Later, Partington tried working as a civilian paramedic but found her combat experiences were in­compatible with her new role. “When you’ve seen kids with their legs blown off and you’ve got somebody in front of you who’s phoned for an ambulance be­cause they’ve dislocated their fin­ger… I told them what I thought! Which was not good.”
It led her to set up her own company, Mentis Training & Con­sultancy, using leadership and communication skills she learned in the RAF to help people suffer­ing from mental health issues.

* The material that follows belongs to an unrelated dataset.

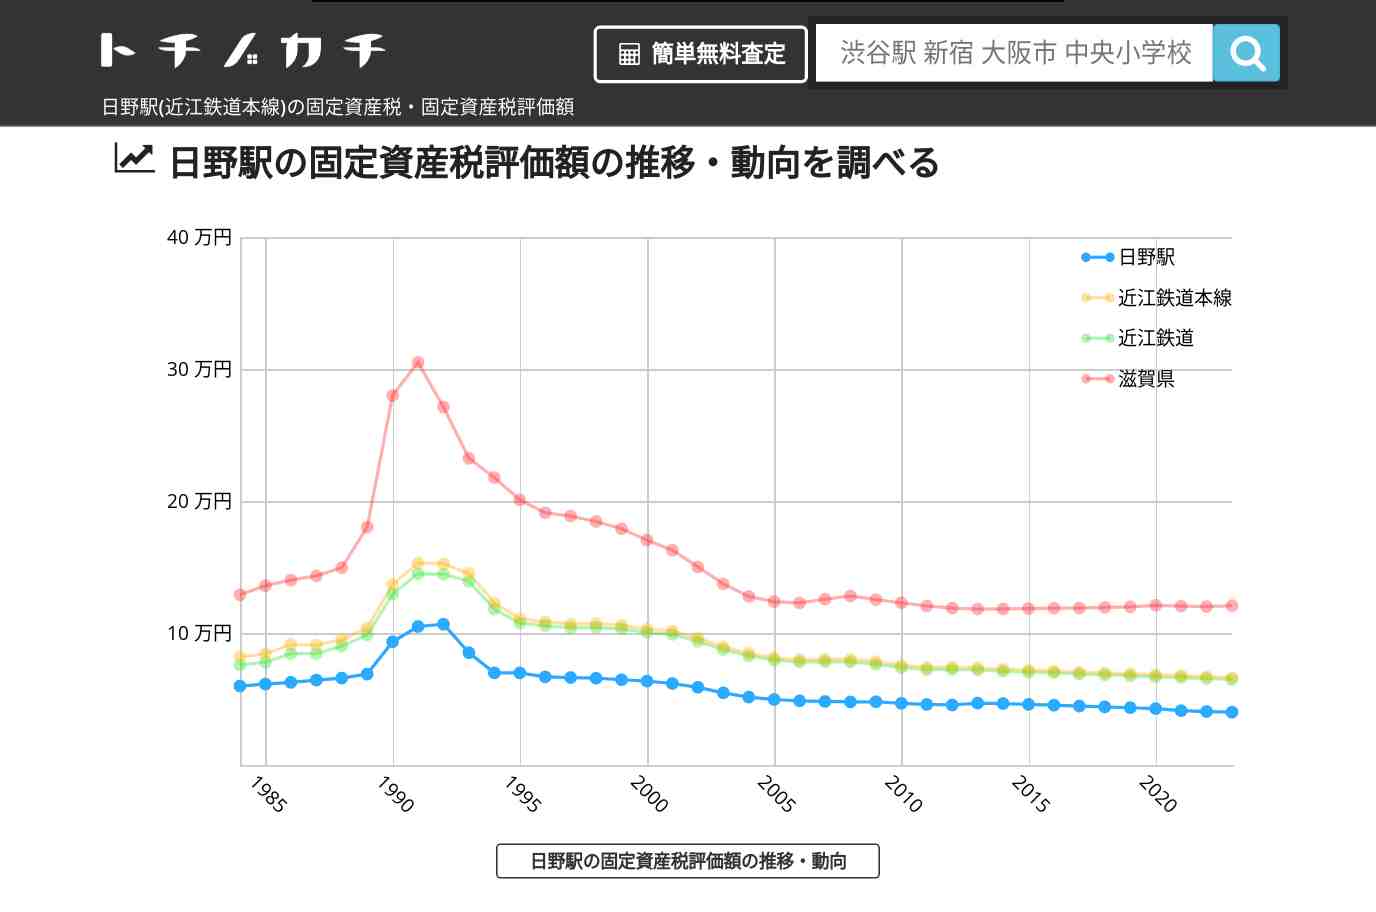 日野駅(近江鉄道本線)の固定資産税・固定資産税評価額 | トチノカチ

“We provide training and one-to-one mediation for people who want to stay in work who are struggling, or those who are off sick but want to come back,” Par­tington said. “I’ll never be a mil­lionaire because I tend to give most courses away for free.” She signed up with RE:ACT, a network of veterans who volun­teer as crisis responders and are usually sent to disaster zones. This year, they helped with the pan­demic efforts.
“They’ve had servicepeople giving coronavirus tests in care homes, helping to build the Night­ingale Hospitals, packing and de­livering PPE and working in the mortuaries when the influx of bodies became too great,” Parting­ton said.

Richard Sharp, CEO of RE:ACT, said, “When we launched our re­sponse to Covid-19 over 80 days ago, we put the call out for veter­ans to volunteer with RE:ACT be­cause we knew they represented a highly-trained, agile, resilient and untapped resource that were ready to serve and do whatever they could. Veterans like Michelle epitomise the humility and self­less commitment of our volun­teers and they have enabled our small charity to proudly play a major part in the UK’s efforts to defeat Covid-19.”

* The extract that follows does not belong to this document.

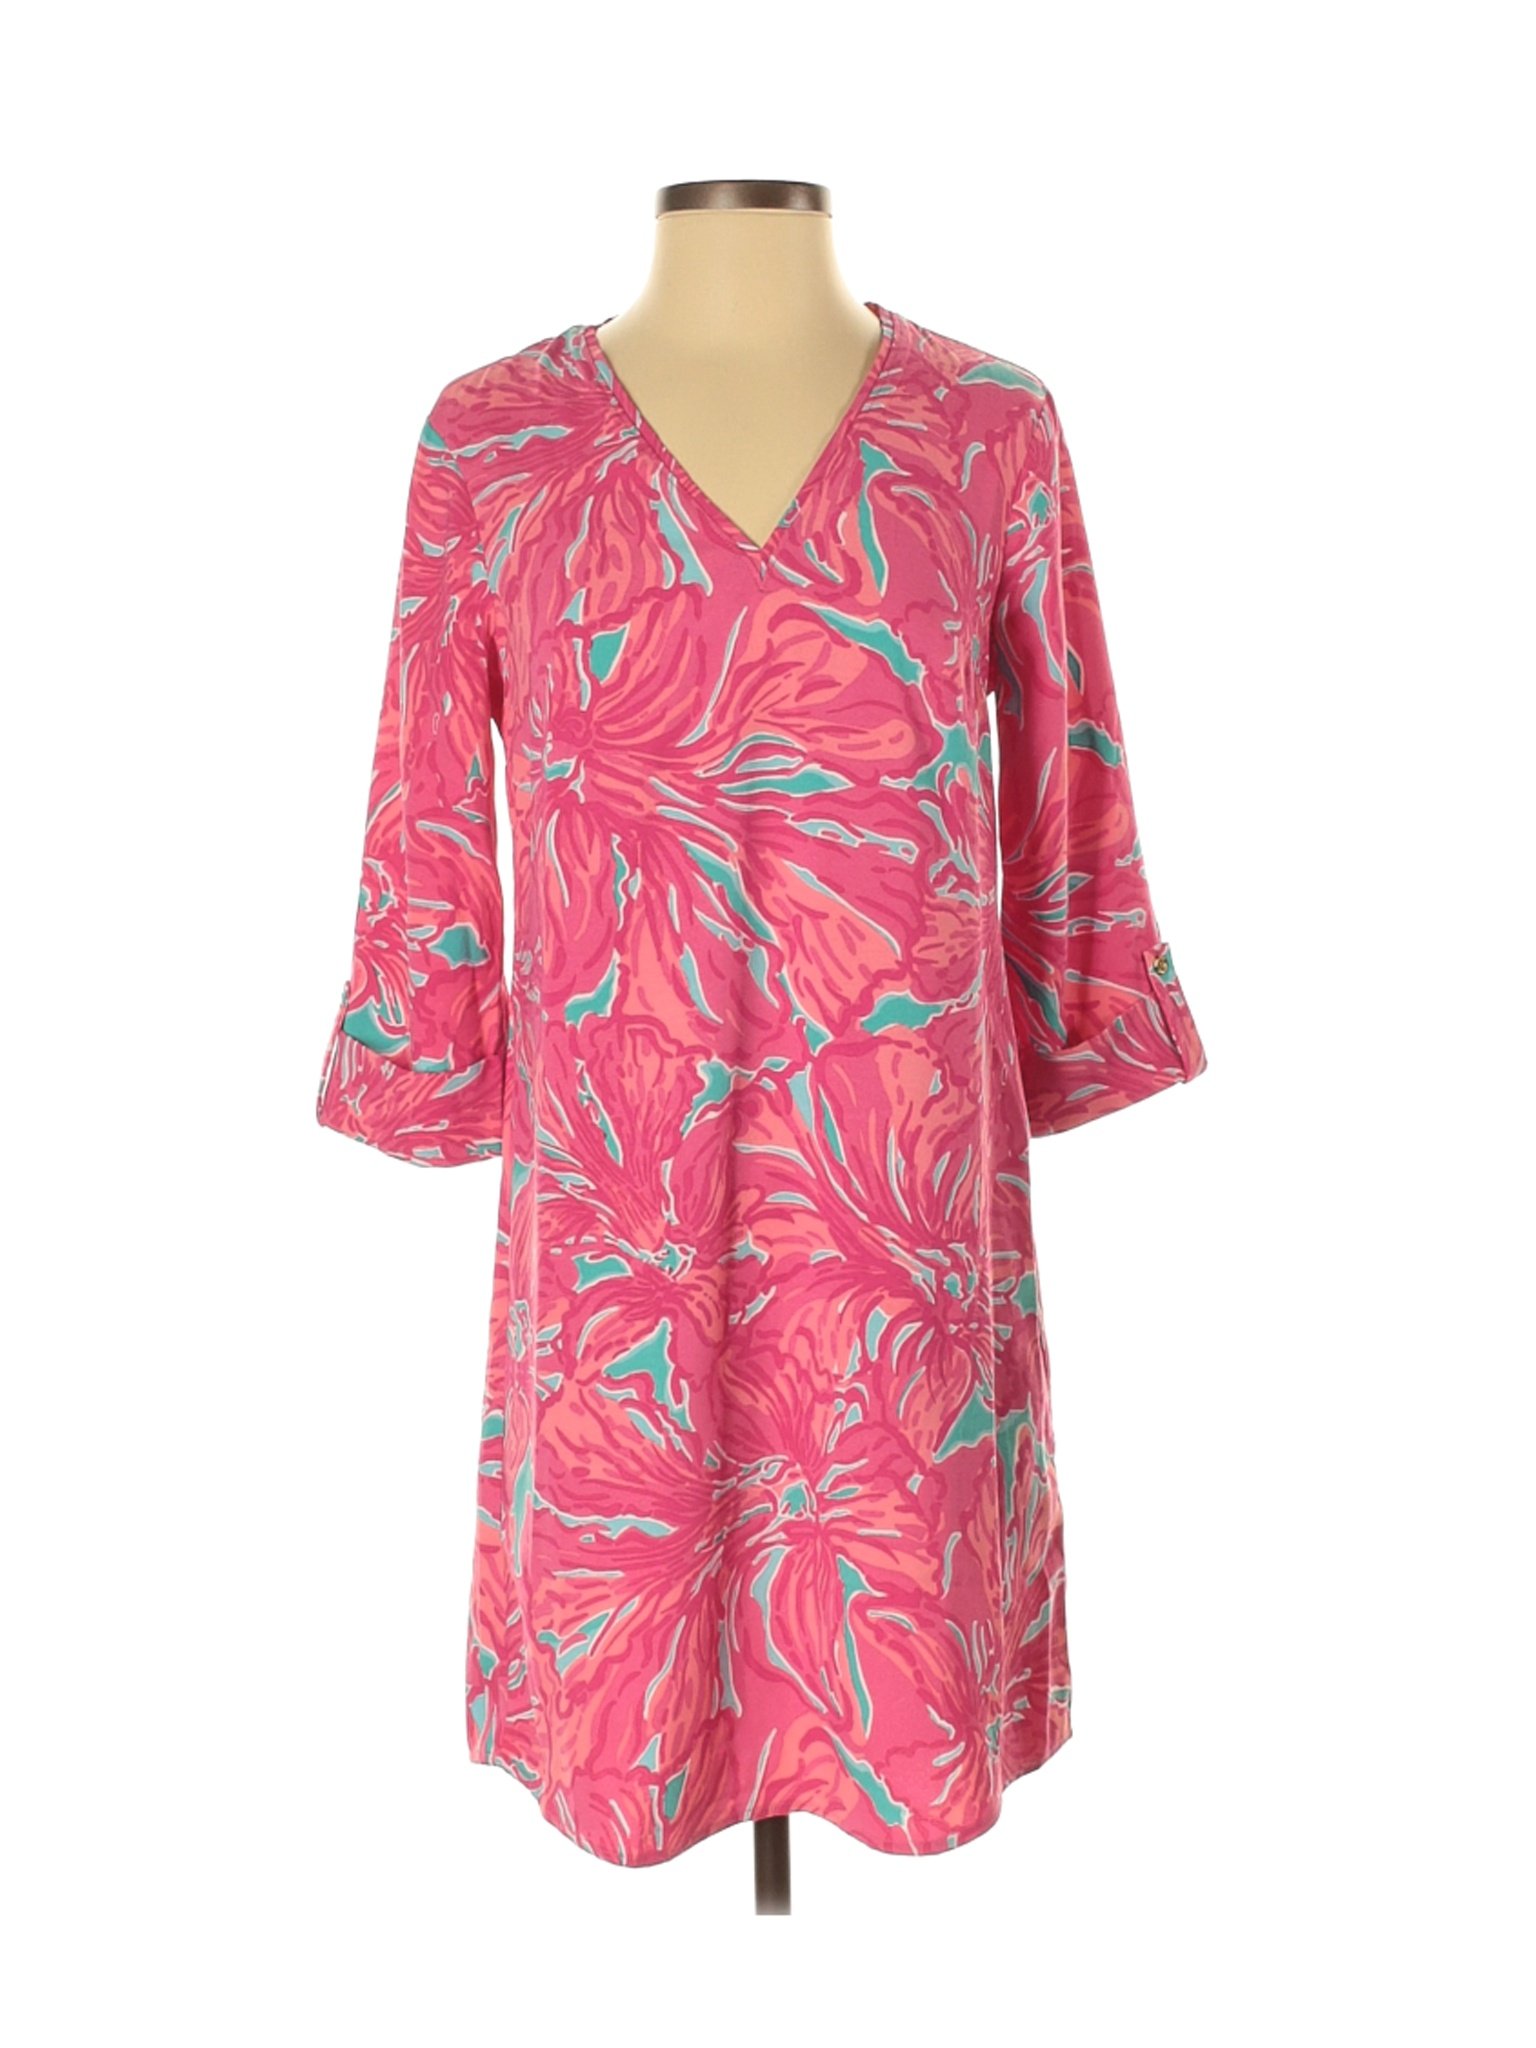 NWT Lilly Pulitzer Women Pink Casual Dress XS | eBay

Partington said, “It’s been a dif­ficult year but when it hits the fan, you realise how much you can do, both on your own and together as a group. And I think now, as we go back to work, there’ll be that new way of working. You’ll find that, actually, anything is possible.”

“Those who have served in the armed forces have devel­oped a vast array of skills during their career, meaning they can play a huge part now in our national effort to tackle coronavirus. We have seen many veterans making a fantastic contribution during the pandemic, through helping out the vulnerable in their local communities, to running mobile testing sites national­ly. We cannot thank them enough for their efforts.”
– Johnny Mercer, Minister for Defence People and Veterans

Operation RE:ACT has:

  • Provided mortuary care for over 2,500 deceased patients
  • Installed over 1,000 hospital beds
  • Distributed over 5m PPE items
  • Supported/deliv­ered over 1.5m meals
  • Conducted over 4,000 wellbeing and safety checks for isolated/vulnerable people
  • Supported a total of 62 hospitals
  • Recruited nearly 6,000 new veteran volunteers
  • Completed more than 55 tasks in collab­oration with the NHS, local authorities, or other charities/ organisations.